Researchers are now ramping up their ability to synthesize long stretches of DNA, the raw material that synthetic biologists use to build their machines. Full bacterial genomes should be produced within a year or so, and Endy expects that eukaryotic chromosomes and genomes will follow within the decade. This timeline is fine by him, because "learning what it is we want to make is going to take at least as long and probably much longer."
The consequences could be profound. "I think that synthetic biology – the ability to manipulate biological systems – will be as important to the 21st century as ability to manipulate bits was to the 20th," says Brent. "And Drew is doing what needs to be done to help bring that into being. He has the talent and resources to get something important going, and we want him to succeed. We want him to transform the world."

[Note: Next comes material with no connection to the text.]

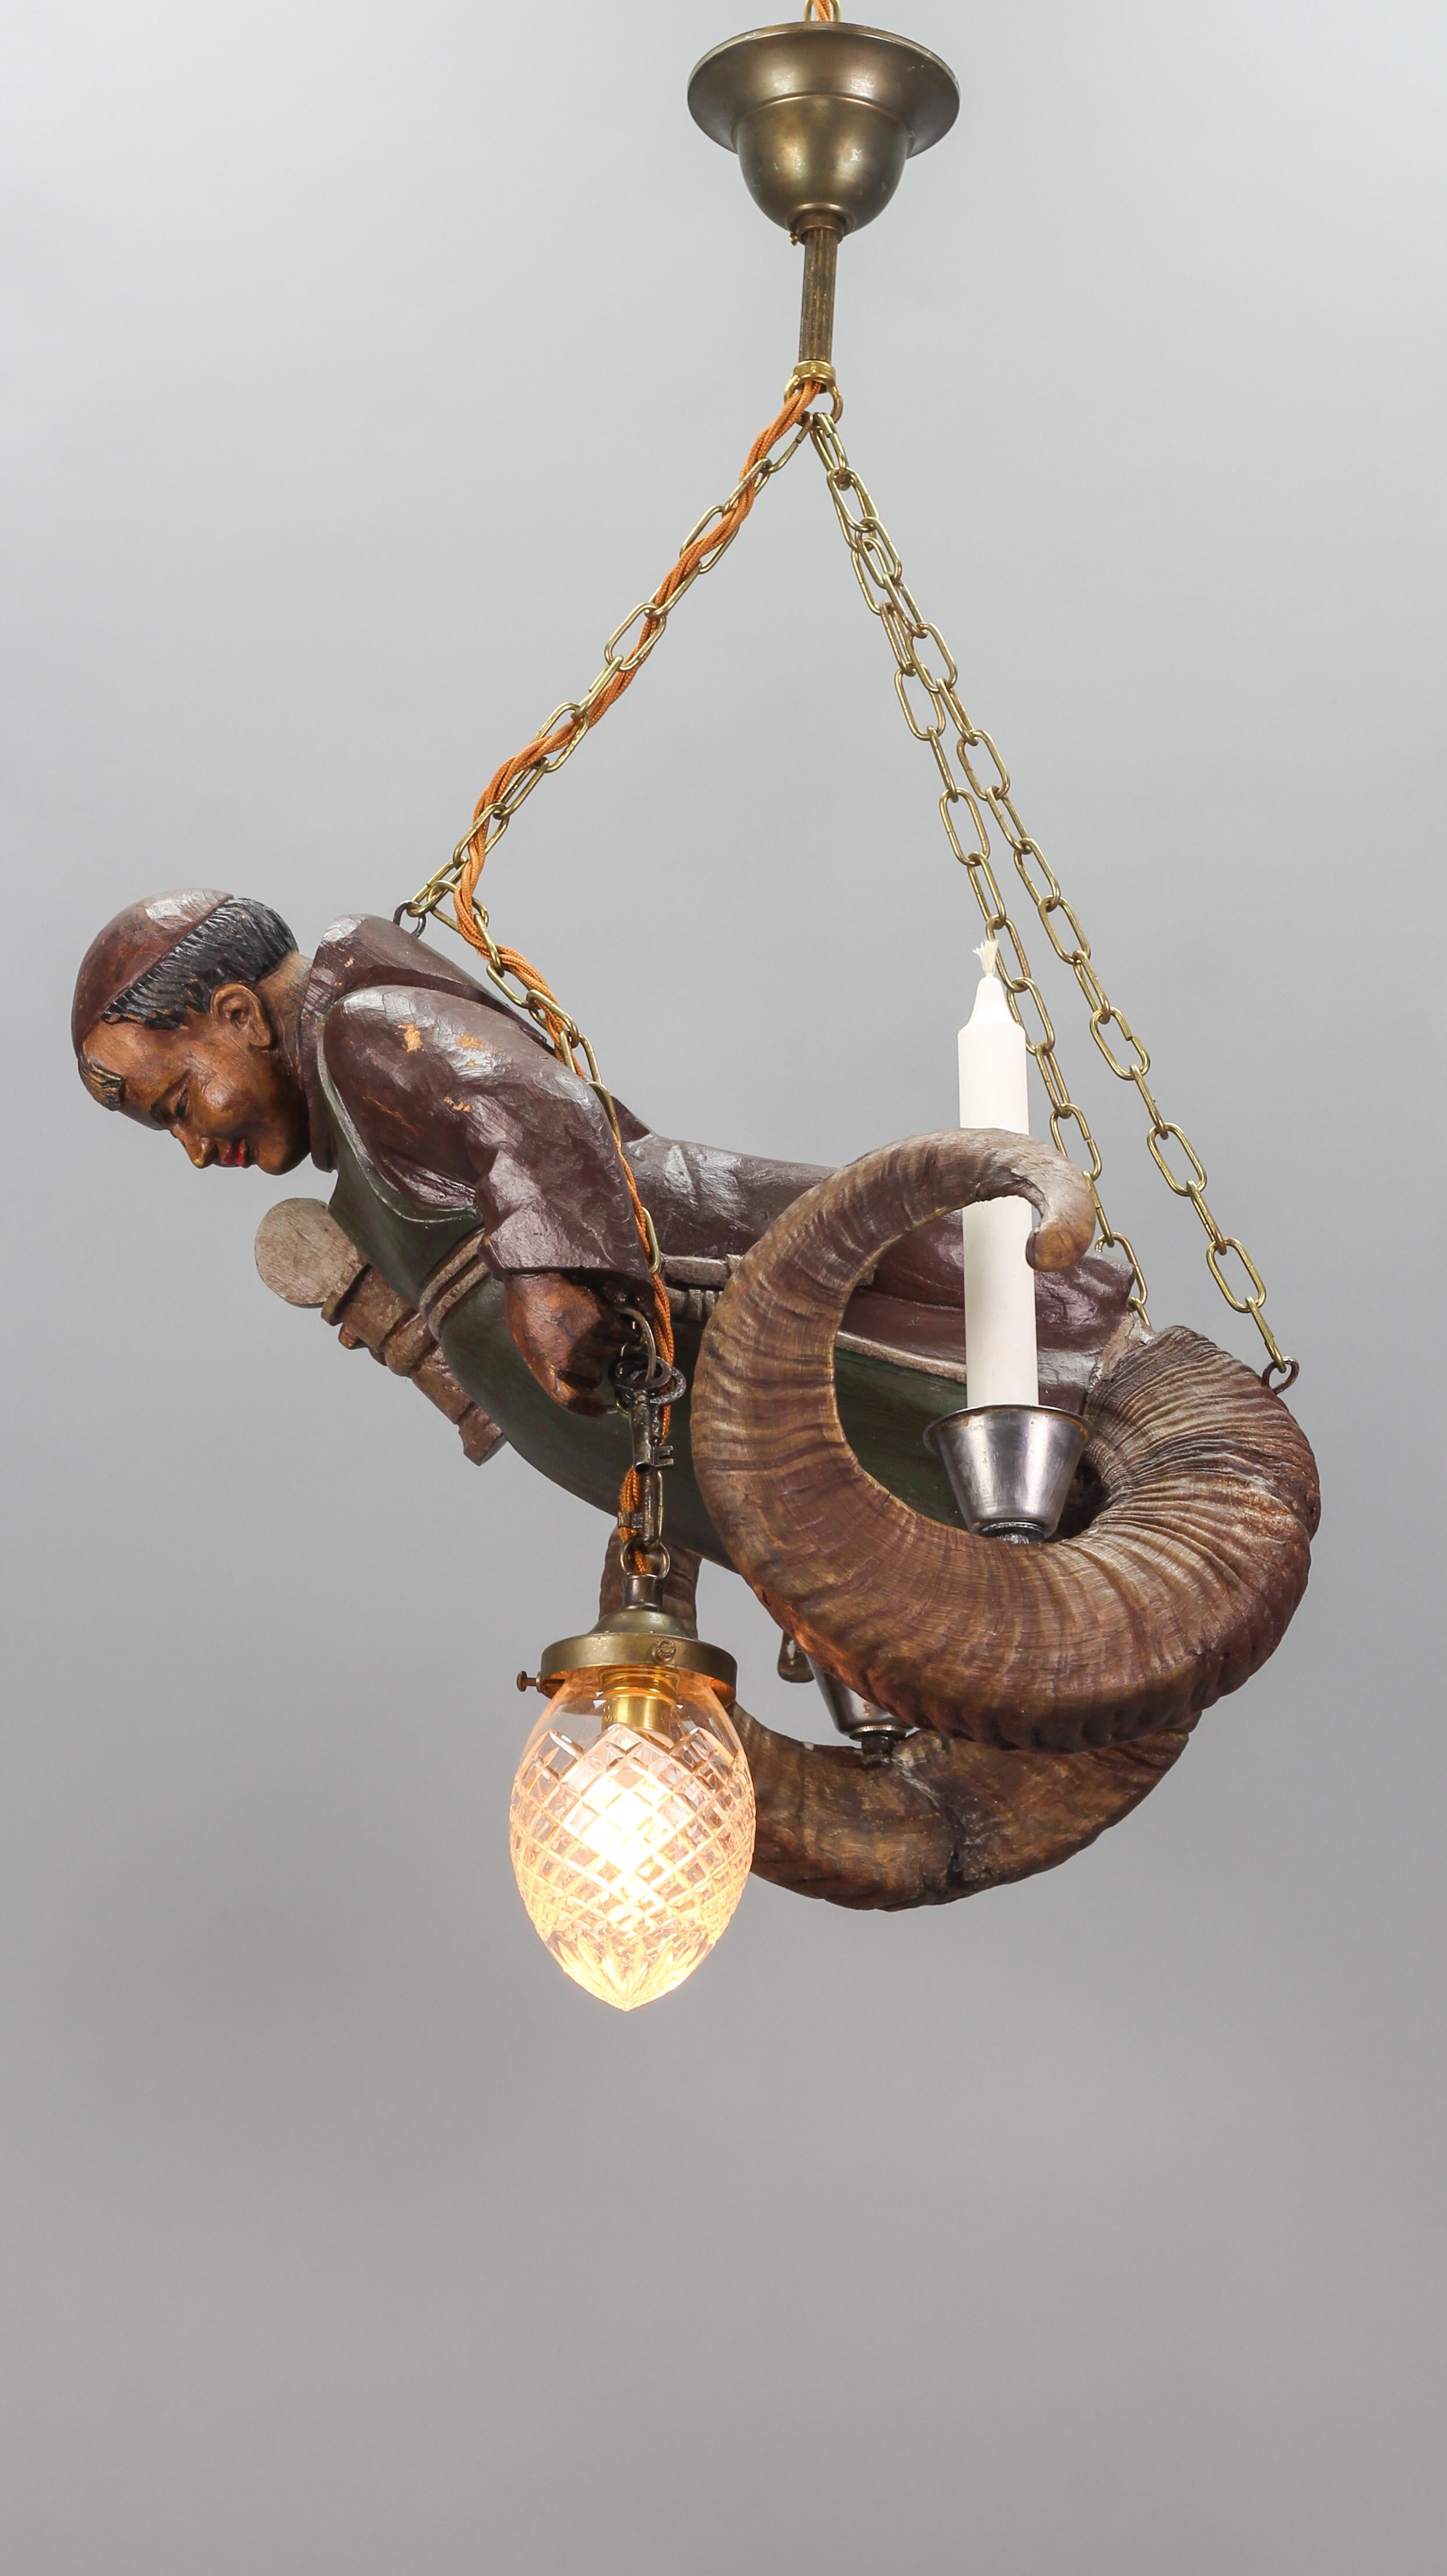 Early 20th Century Hand-Carved Wooden Pendant Light Lustermandl with Cellar Master Figure, ca. 1920

For his part Endy remains more circumspect. "It'll be cool if we can pull it off," he says. "We might fail completely. But at least we're trying."
And if things don't work out, Endy could have a future in television. The young scientist was recently approached by Warner Brothers to audition for the role of the Professor in the upcoming, reality TV-style remake of "Gilligan's Island." Endy claims he lost interest in the project when he learned that Paris Hilton would not be playing the role of Ginger. More likely, he realized that his participation would almost certainly guarantee that he'd be dogged for the rest of his professional career: "He could build a supercomputer with restriction enzymes and spit, but he couldn't get them off the island."